For me, there are two main reasons why I am exiting this business; firstly there is far too much volatility in terms of tax treatment, legislative controls (emergency measures being threatened by the current housing minister) and wider economic factors (European tax harmonization).  I cannot effectively plan the future return this business will provide in Ireland due to the changes and punitive tax treatment of BTLs.  No other business would continue to invest or operate in a jurisdiction where they cannot effectively plan or estimate future returns due to the level of uncertainty introduced by tax and legislative changes (rent controls, tenant rights, unreasonable PRTB delays and the reduced recourse to the property when a tenant decides not to pay or meet their contractual obligations).

Secondly, the tax treatment and level of tax applied to turnover and profit has reduced the attractiveness of this business.  USC is partially applied to rental cashflow for non institutional landlords.  I am not aware of any other non VAT registered business that pays a percentage of tax on turnover and such a punitive level of tax on profit.  Additionally, businesses that require their employees to essentially work for free would not have any employees.  There is no effective mechanism that allows for a landlord's time and travel in servicing a BTL.  For example, a tenant calls reporting a problem with a washing machine.  The landlord has to travel to the property to establish if its really a problem with the equipment or tenant finger trouble.  Possibly call a repair or service agent, again meet the agent at the property and pay for that person's time and assessment.  Possibly go shopping for a replacement machine, arrange delivery/collection.  Travel back to the property, take out the old equipment, wait around for the delivery service and connect the new machine.... non of the landlords time and travel expenses are allowable under revenue rules.  What other business would expect their employees to travel and work for free ?

Having sought legal advice and receive additional feedback from my accountant, anecdotally, there is a significant exodus from the BTL market.  There is net immigration into the country and a continued strong demand from those with cash or the means to purchase the ex-BTL stock coming onto the market for sale.  My view is that the stock of BTL for rent will continue to reduce which will force rents upwards until they find their level... but it will be more expensive for tenants going forward.

I have tried to objectively state my experience... it is what it is.  Businesses adapt and change continuously and follow the money where the risk/reward makes sense.   I plan to be fully out of the Irish BTL market by mid 2019 and will continue to invest abroad instead.


----------



## The Horseman

TheBigShort said:


> Put the property up for sale, I will buy it and let it out.

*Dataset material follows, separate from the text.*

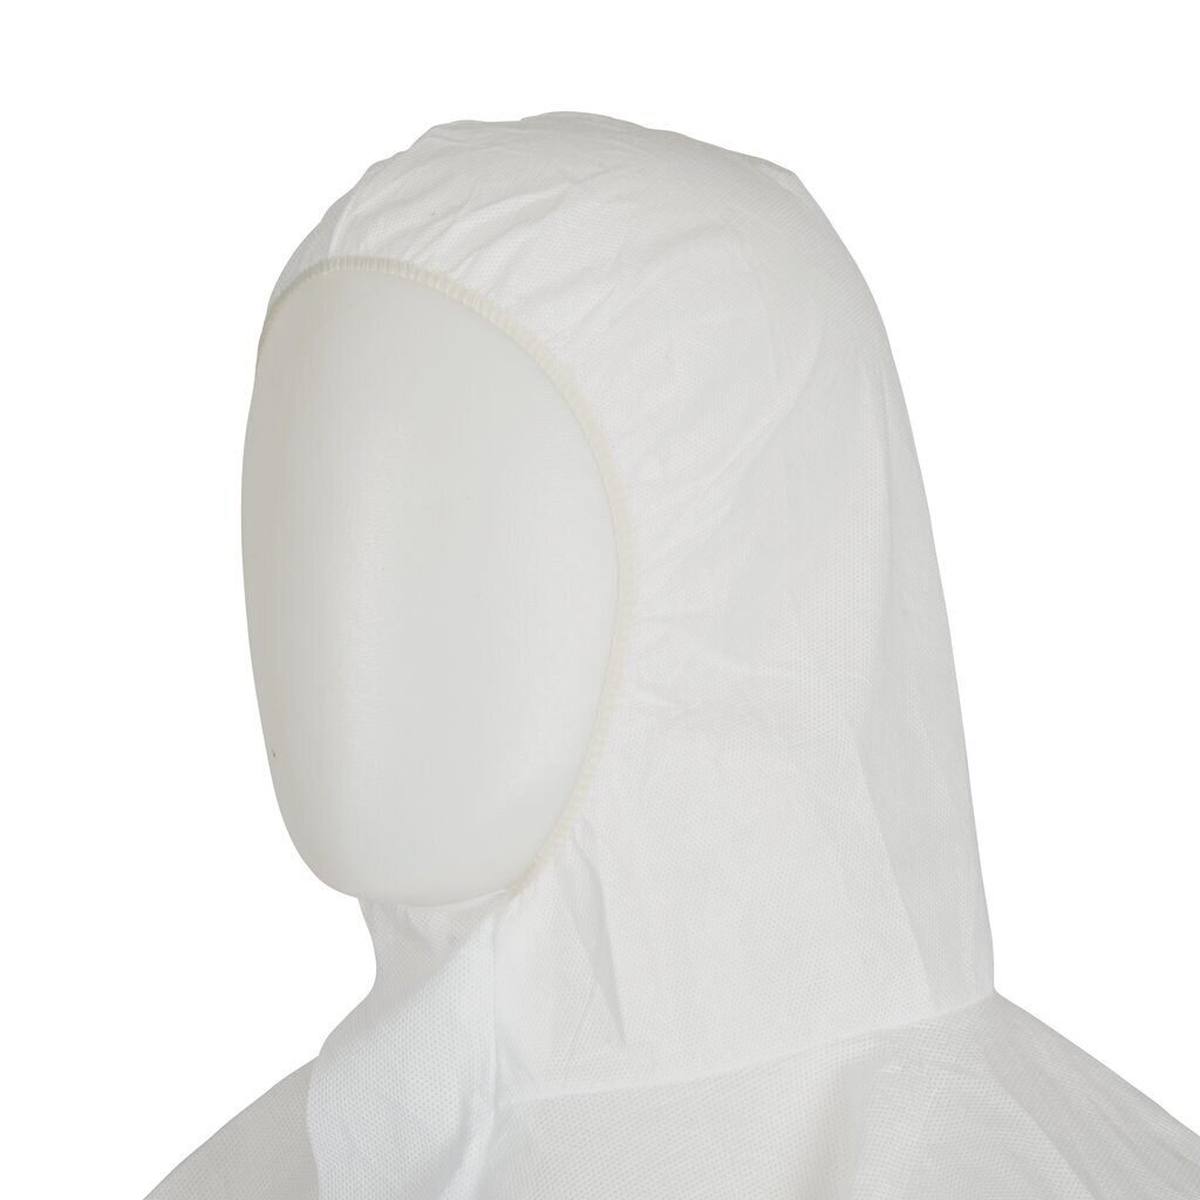 3M 4515W Protective suit, white, TYPE 5/6, size 3XL, material SMMS low-lint, elasticated cuffs

I will slash the rent by 50% offering decent accommodation at affordable prices that provide tenants a real alternative to home ownership (whether they can afford it or not, they now have a choice).
> I bet you I can find tenants that will appreciate the property and look after it.



There are plenty of ex rental properties for sale on MyHome.ie so you can purchase them and rent them out at a rate you feel is appropriate.


----------



## Steven Barrett

vandriver said:


> Just musing....
> Is airbnb really the panacea for all ills?
> What's the average stay?A couple of days?
> Then cleaning laundry greeting new guests etc.Then maybe a few days empty till the next weekend.
> While for most landlords,a tenant on a long lease is almost a passive investment.
> Just my 2c this find Friday morning!




People and landlords get rated on airbnb. It's human nature that people don't want others to think badly of them, especially if you want to use it again. There is the additional cost of having the place cleaned more regularly and laundry etc but if your income is much higher too, it's just a cost of business.


----------



## T McGibney

Alistair said:


> Secondly, the tax treatment and level of tax applied to turnover and profit has reduced the attractiveness of this business.  *USC is partially applied to rental cashflow* for non institutional landlords.  I am not aware of any other non VAT registered business that pays a percentage of tax on turnover and such a punitive level of tax on profit.  Additionally, businesses that require their employees to essentially work for free would not have any employees.  There is no effective mechanism that allows for a landlord's time and travel in servicing a BTL.  For example, a tenant calls reporting a problem with a washing machine.  The landlord has to travel to the property to establish if its really a problem with the equipment or tenant finger trouble.  Possible call a repair or service agent, again meet the agent at the property and pay for that person's time and assessment.  Possibly go shopping for a replacement machine, arrange delivery/collection.  Travel back to the property, take out the old equipment, wait around for the delivery service and connect the new machine.... *none of the landlords time *and travel expenses *are allowable under revenue rules*.  What other business would expect their employees to travel and work for free ?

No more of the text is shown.